The Tomato

Rejection of residence in Sandy Hill prompts drastic action

Illustration by Tina Wallace

With the recent rejection of plans to build a nine-storey residence building in Sandy Hill, and rising complaints from students about the amount of construction on campus, the University of Ottawa has made a bold choice: they are going to build two new campuses in Ottawa.

“We have decided to follow the example of the University of Toronto,” explained the planning committee’s spokesperson, Jane Moore. “That institution realized long ago that you can’t expand a university in the downtown core of a major city, and made the smart decision to split their campus into multiple locations.”

The U of O has already separated some faculties from the main campus, with the faculty of medicine primarily functioning out of the hospital campus, but these new campuses will serve a wider range of students.

The new campuses will be located in Kanata, right beside the Canadian Tire Centre, and in Westboro. The completion of this massive project is planned to align with the construction of the Light Rail Transit (LRT). This would allow for quick transportation to and from campuses, except the Kanata campus, which will always be too far away for those in the city to attend.

The proposed plan is to keep the faculties of social sciences, arts, education, and the Telfer School of Management at the current campus — to be referred to as the downtown campus — and move the faculties of engineering, science, and health sciences to the Kanata campus, and the faculty of law and graduate studies to the Westboro campus.

The dispersal of the faculties throughout Ottawa will relieve the pressure on the downtown campus, allowing for the demolition of the Leblanc residence to make way for green space, the reconstruction of the Jock Turcot University Centre (UCU), and renovations of older buildings to create more study and recreation spaces.

“The university has been trying for years to make more space on campus,” Moore said. “But when there is only so much space you can work with, it really limits what you can do.”

Al Stone, president of the U of O, said that after years of rejected and failed plans, the only option left is to expand the school away from downtown to other campuses.

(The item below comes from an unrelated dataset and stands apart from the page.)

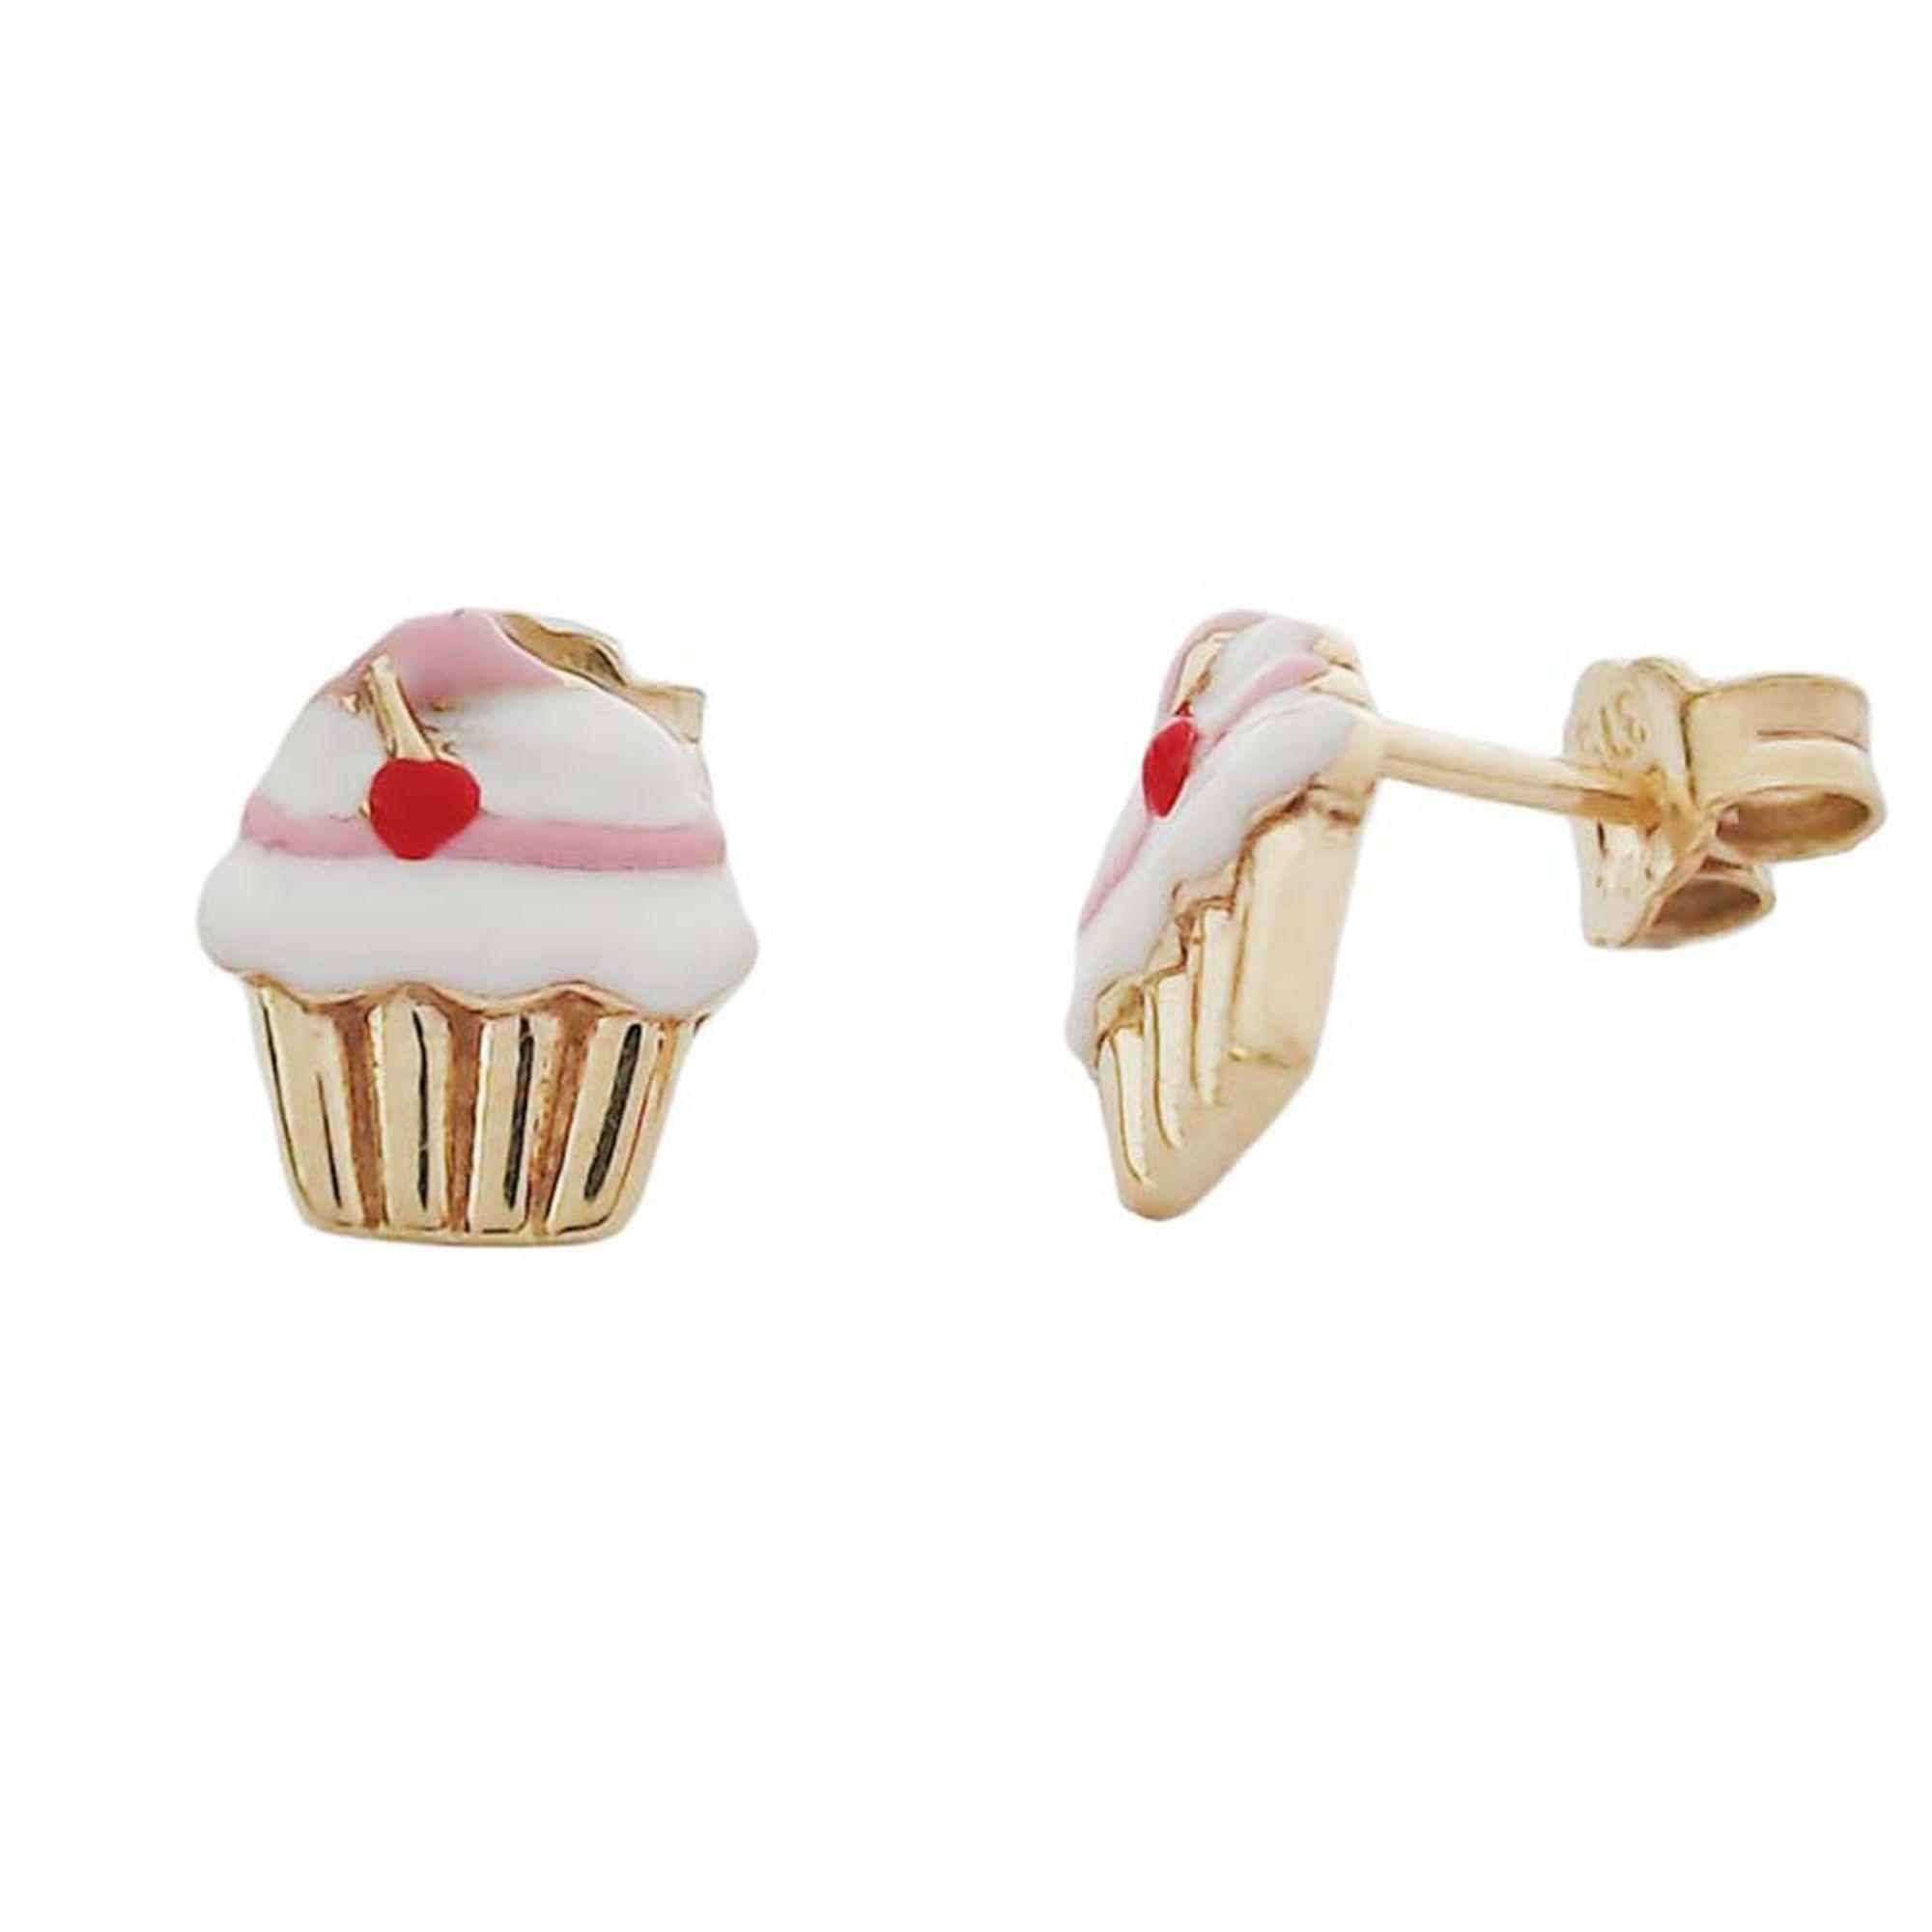 Παιδικά Σκουλαρίκια, Χρυσά παιδικά σκουλαρίκια, ΔΩρεάν μεταφορικά, σκουλαρίκια με σμάλτο,, παιδικό κόσμημα

“We finally saw things as clearly as the residents of Sandy Hill,” said Stone. “Of course it makes more sense to demand our students travel across the city for classes, rather than expand to Sandy Hill. Those residents who campaigned against our residence proposal were there first. So even though they represent a small portion of the area’s population, I believe the golden rule has to apply: finders keepers, losers move to Kanata.”

Student residences will be built at both new campuses. The Kanata campus will have two large residence complexes: one apartment style, one dorm style, with a cafeteria and a gym connecting the two. Additionally, a state-of-the-art science and technology facility will be built to accommodate laboratories, and provide more space for group work. Because the faculty of science is moving to Kanata, the newly built Advanced Research Complex at the downtown campus will be converted into a study lounge and another student bar.

The Westboro campus will be geared for older students, and will only have one residence complex, made up of one-and two-bedroom apartments. Another new building will include a library, study space, lecture halls, and offices.

The downtown campus will remain the same, but with fewer people on campus, the school will be able to take on projects that have, until now, been impossible.

“The current size of the student population requires so much more space than we are able to give,” said Stone. “We are proud to take this reasonable next step in the development of the U of O.”